A renewed look at medical marijuana policy here comes as the public at large, and in the Palmetto State, seems to be moving away from the image of marijuana as a dangerous narcotic. Last fall, when Winthrop University polled South Carolinians on the issue, 40 percent said they were OK with adults smoking pot, a number that surprised Scott Huffmon who conducted the poll. A national Gallup Poll earlier last year found 58 percent of American voters believe marijuana should be legal, which was up 8 percent from two years prior.

“Public opinion is so far ahead of our legislators on this one,” Baynes says.

Meanwhile, as legalization programs continue in Colorado and Washington, when pot smokers hit the bong the conversation inevitably turns to whether or not their state will follow suit. That was the case on a recent afternoon, anyway, when a 28-year-old disabled combat veteran in the Charleston area was ripping bong loads on his couch and puffing out milky white marijuana clouds.

“Within the end of this decade,” he said after one particularly massive hit. “I guarantee it. I will bet you this house.”

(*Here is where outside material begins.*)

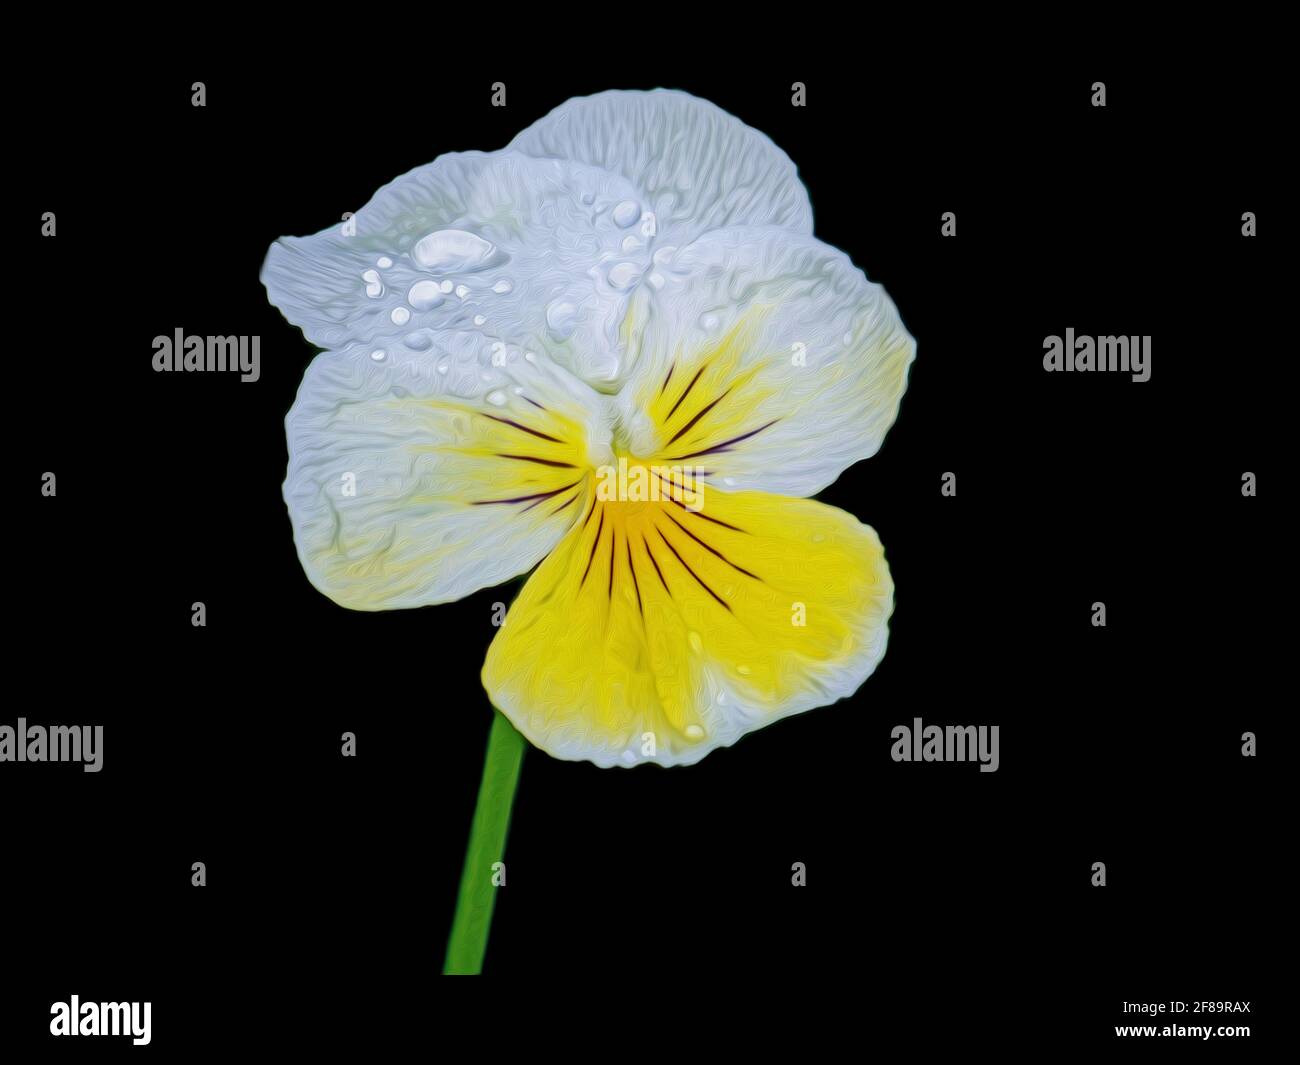 Violet (Viola) wet flower with white and yellow petals on a black background, artistic edited pattern Stock Photo

Whether that will be the case is something only our state lawmakers or the federal government will decide. But should the Palmetto State choose to legalize ganja like Colorado and Washington, or allow it for medical use like 20 other states, we might have a leg up. As it turns out, S.C. passed a law 34 years ago allowing the director of the state’s health agency to obtain and distribute marijuana to treat certain medical ailments. But no program based on that law, called the South Carolina Controlled Substances Therapeutic Research Act, is currently up and running. That’s because there is a caveat in its language that says the director can only obtain marijuana through means that are consistent with federal law.

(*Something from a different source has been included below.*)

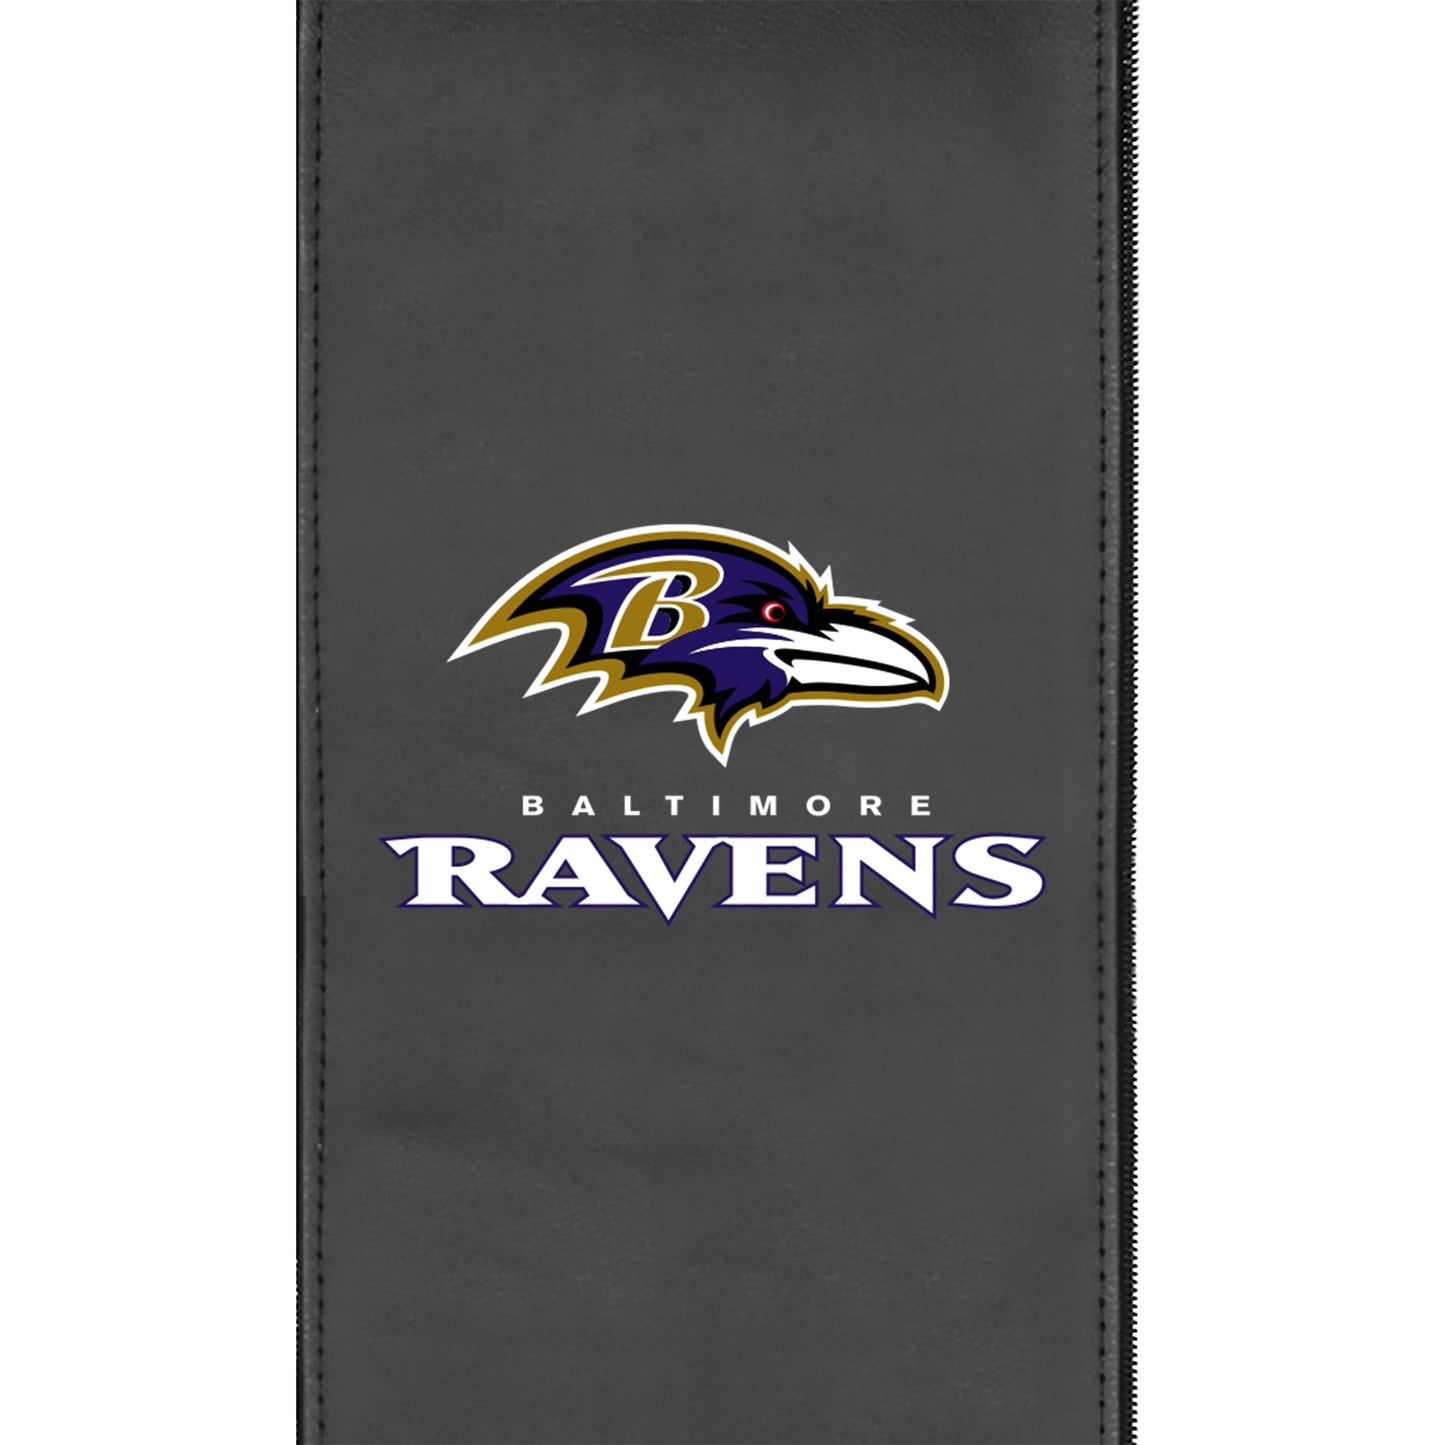 Relax Home Theater Recliner with Baltimore Ravens Secondary Logo

“To this point, marijuana is not legal under federal law,” says the S.C. Department of Health and Environmental Control’s attorney Cheryl Bullard. She adds, however, that there has been some relaxation of enforcement under the administration of President Barack Obama, which other states have used to loosen up their own laws. What she’s talking about is when U.S. Attorney General Eric Holder made the historic move last September of telling the governors of Colorado and Washington that the Department of Justice would allow those states to set up regulated marijuana programs. Furthermore, the DOJ sent letters to the U.S. attorneys in all 50 states outlining their priorities in enforcing federal marijuana laws. Those included keeping weed out of the hands of minors, interstate trafficking, drugged driving, and others. But the feds did not change the classification of marijuana as an illegal narcotic.

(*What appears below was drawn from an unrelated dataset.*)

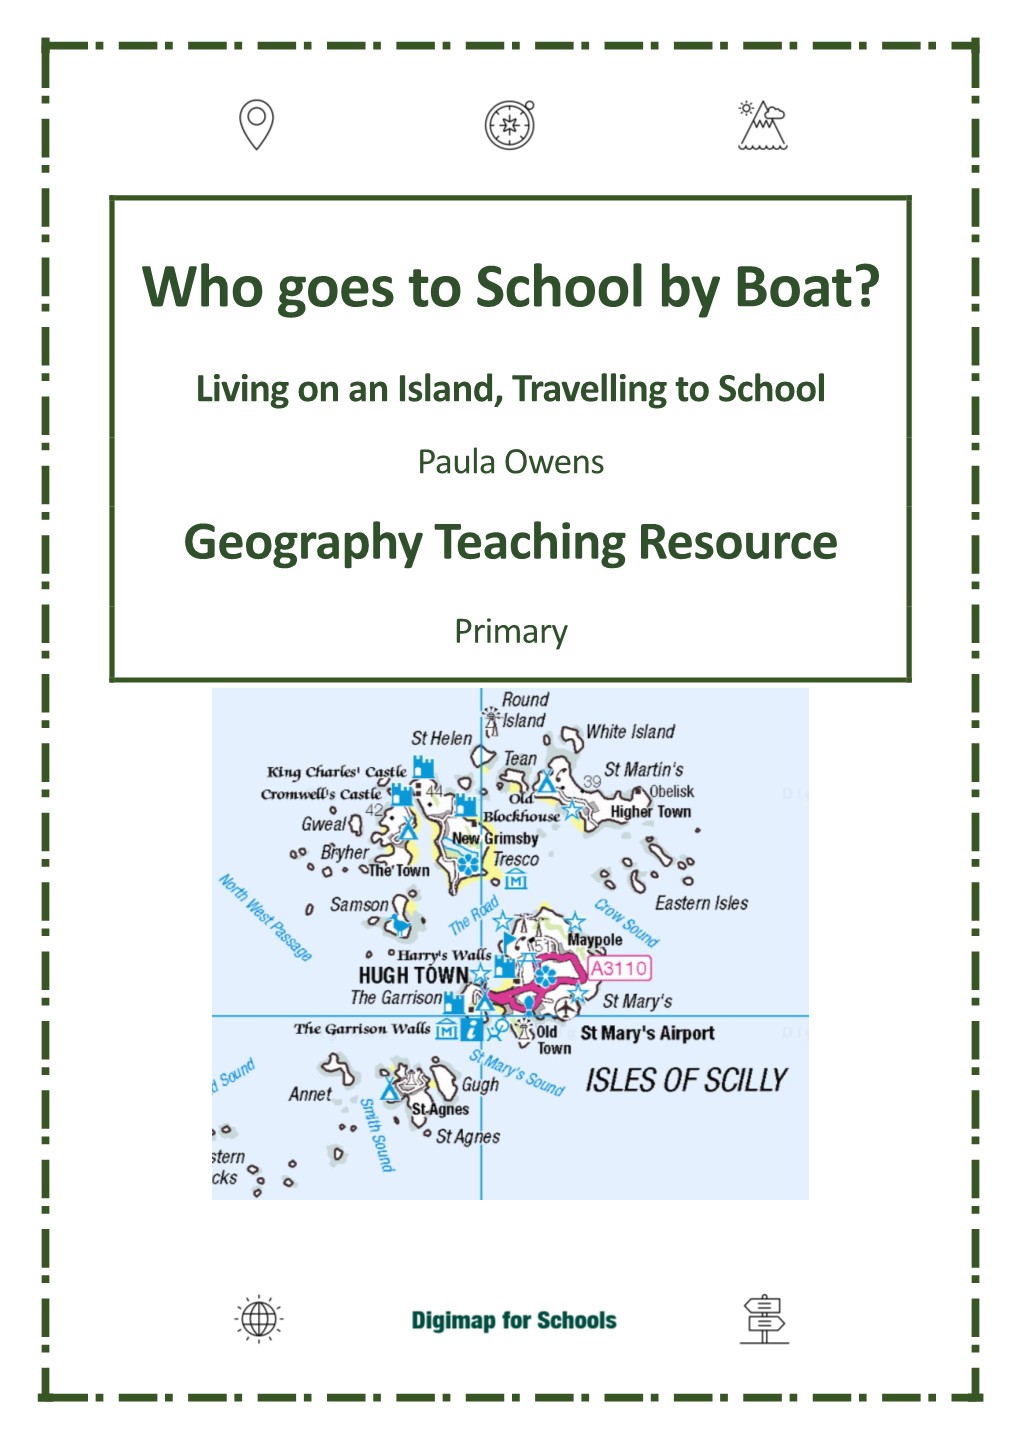 Who Goes to School by Boat?

“So the legal issue becomes whether or not the current administration’s position on enforcement would trump the federal law which still says that marijuana cannot be legally obtained,” she says. “In this state the law still is that marijuana is not available by prescription or otherwise because it is a Schedule 1 substance. Now, if the Legislature chooses to change that designation, then I’m sure the [DHEC] director would pursue an analysis through the agency as to whether or not she chooses to implement the program.”

Dullard admits she doesn’t know much about the legislative intent of the South Carolina program back in 1980, and she says the DHEC director at the time has since passed away from cancer. “I’m told it was to set up a program for just limited access for persons with diagnosis like glaucoma and for cancer, chemotherapy and radiology patients who are certified under a particular program,” she says.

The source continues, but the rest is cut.